Jarabax glanced out the window. The morning had broken fully; the sky in the window outside was pure blue without a cloud to mar it. “Another dawn, another day. He grows restless waiting for you.”

“He?”

Jarabax looked her up and down, at her pure blue Aluren overtunic and the delicate silver stitching. His laugh was loud and hearty. “Oh, sweet Paladin, you’re going to love this.”





A Gift




Choppy water tossed the small skiff. Two pirates rowed and a third grizzled sea dog kept beside the pirate boss. The older pirate said nothing but regarded Ilior through flinty eyes and sat with a cutlass resting across his knees. They made their way through the ship graveyard to the shattered coast that made up Isle Uago’s northern shore. Salty ocean water had eaten away at the stony walls, leaving a grotto of warrens and caverns in the stone. Rough, porous rocks the color of old blood jutted up from the crashing tides like sentries to bar passage to the caverns. The water churned, and more than once Jarabax’s men had to push off these rocks with their oars. Ilior helped when the water was particularly rough, shoving the little boat away from outcroppings that threatened to tear holes in the hull. Through it all, Jarabax sat in the prow, relaxed and calm, watching Selena from beneath lowered lids. A dozing cat evinced more energy, and when the skiff scraped against some submerged obstacle, he only smiled.
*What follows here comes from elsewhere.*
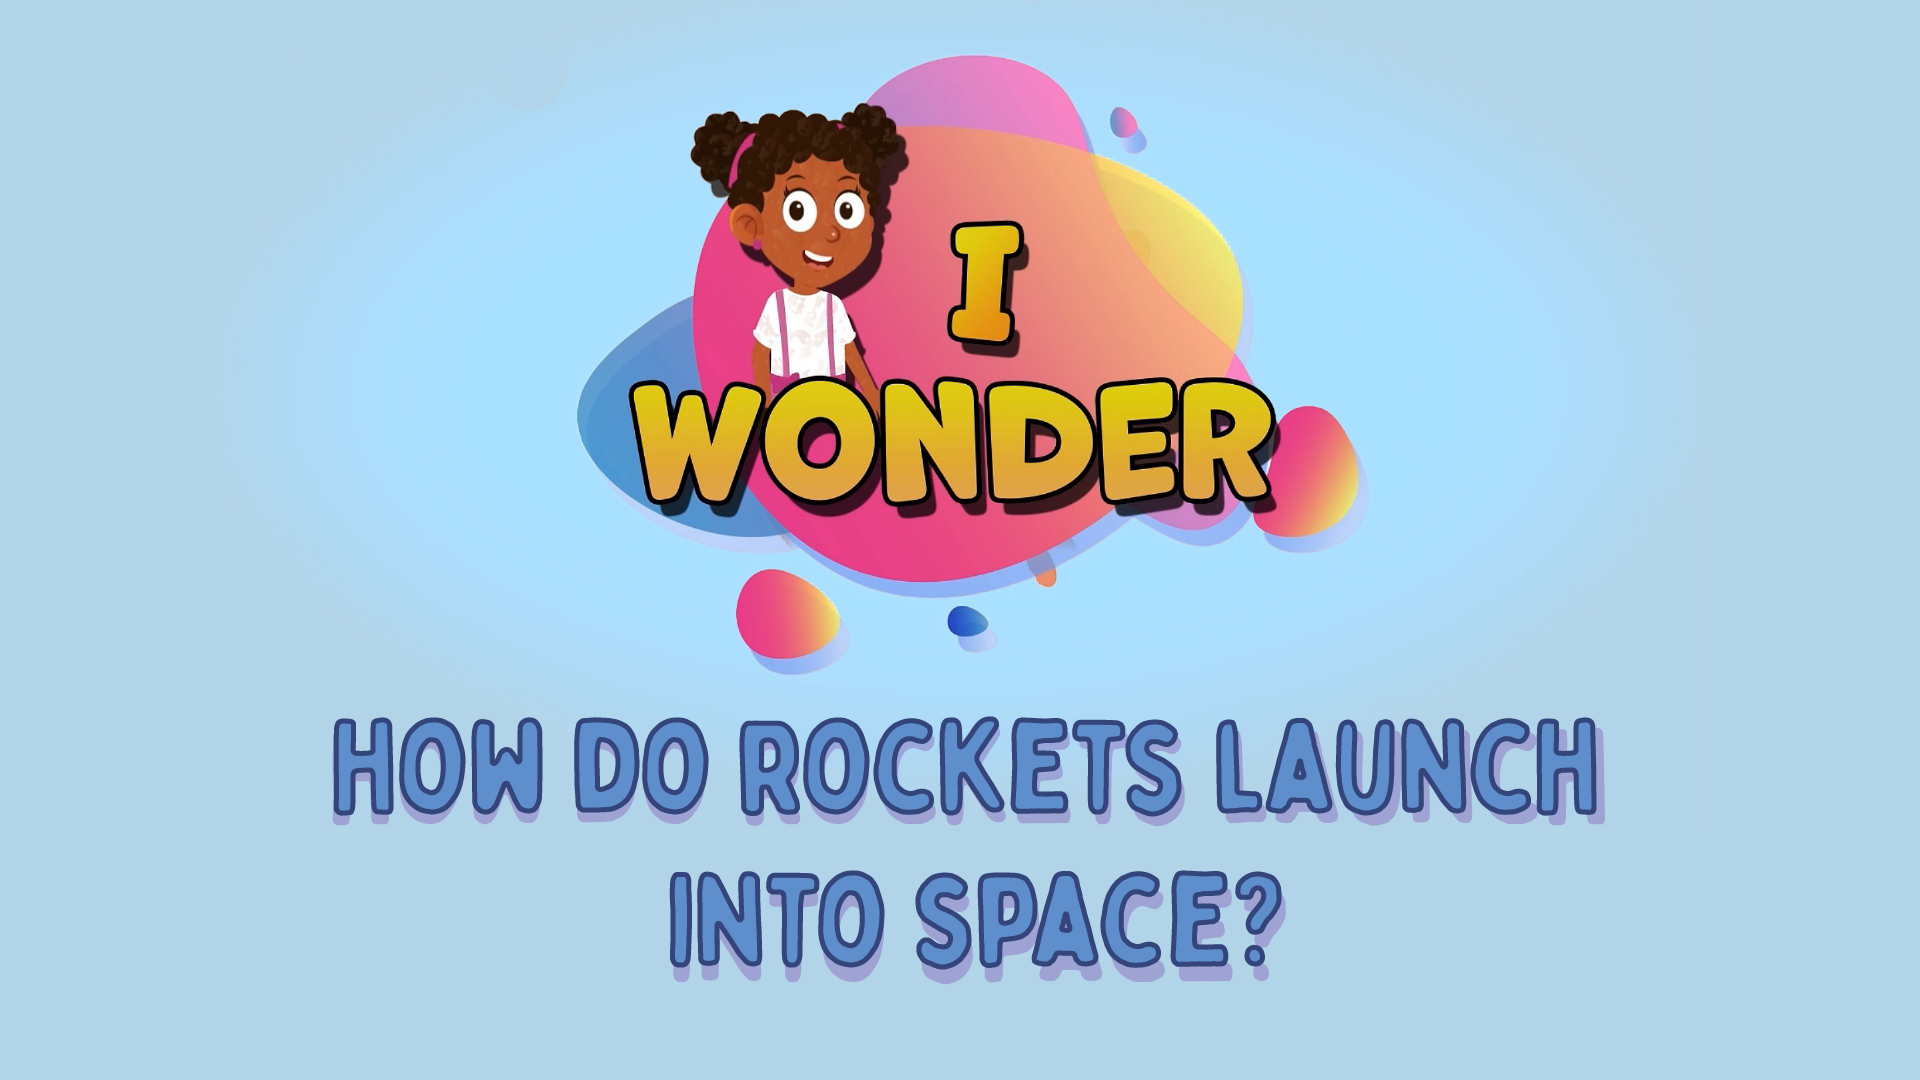 How Do Rockets Launch Into Space?
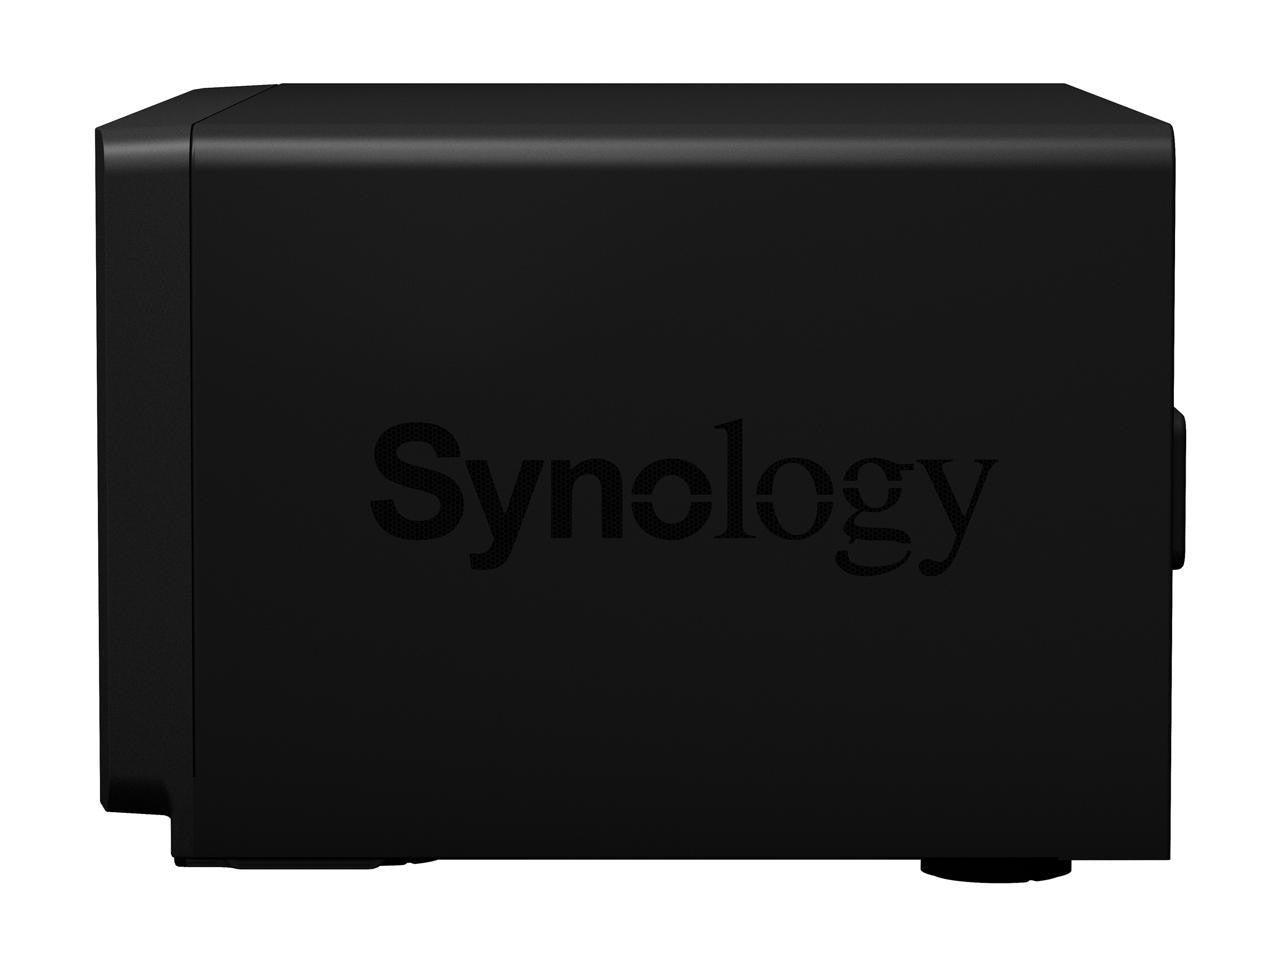 Synology DS1821+ 8-BAY DiskStation with 8GB RAM, 800GB (2x400GB) Cache and 64TB (8 x 8TB) of Synology Enterprise HAT5300 Drives Fully Assembled and Tested

The sun rose in a sky of cloudless blue, but all fell into shadow when the little boat entered the mouth of a large overhang of rock. They ran aground in a dark cavern. Selena stepped out of the boat; rocky silt crunched beneath her boots.

“He’s in there,” Jarabax said, with a lazy nod at the cavern as the rest of the crew climbed out of the boat. It was pitch black; a hole in the stone. Selena touched her own wound absently, as the clank of metal against rock echoed out of cavern.

“He’s chained?” Selena turned to Jarabax. “Need I remind you that slavery has been outlawed in all realms and isles for two hundred years? Punishable by death?”

“Svoz is not a slave. Not…quite.”

“Not quite?”

“I can say nothing more to assure you.” Jarabax offered a wide smile. “Once you meet him, you’ll understand.”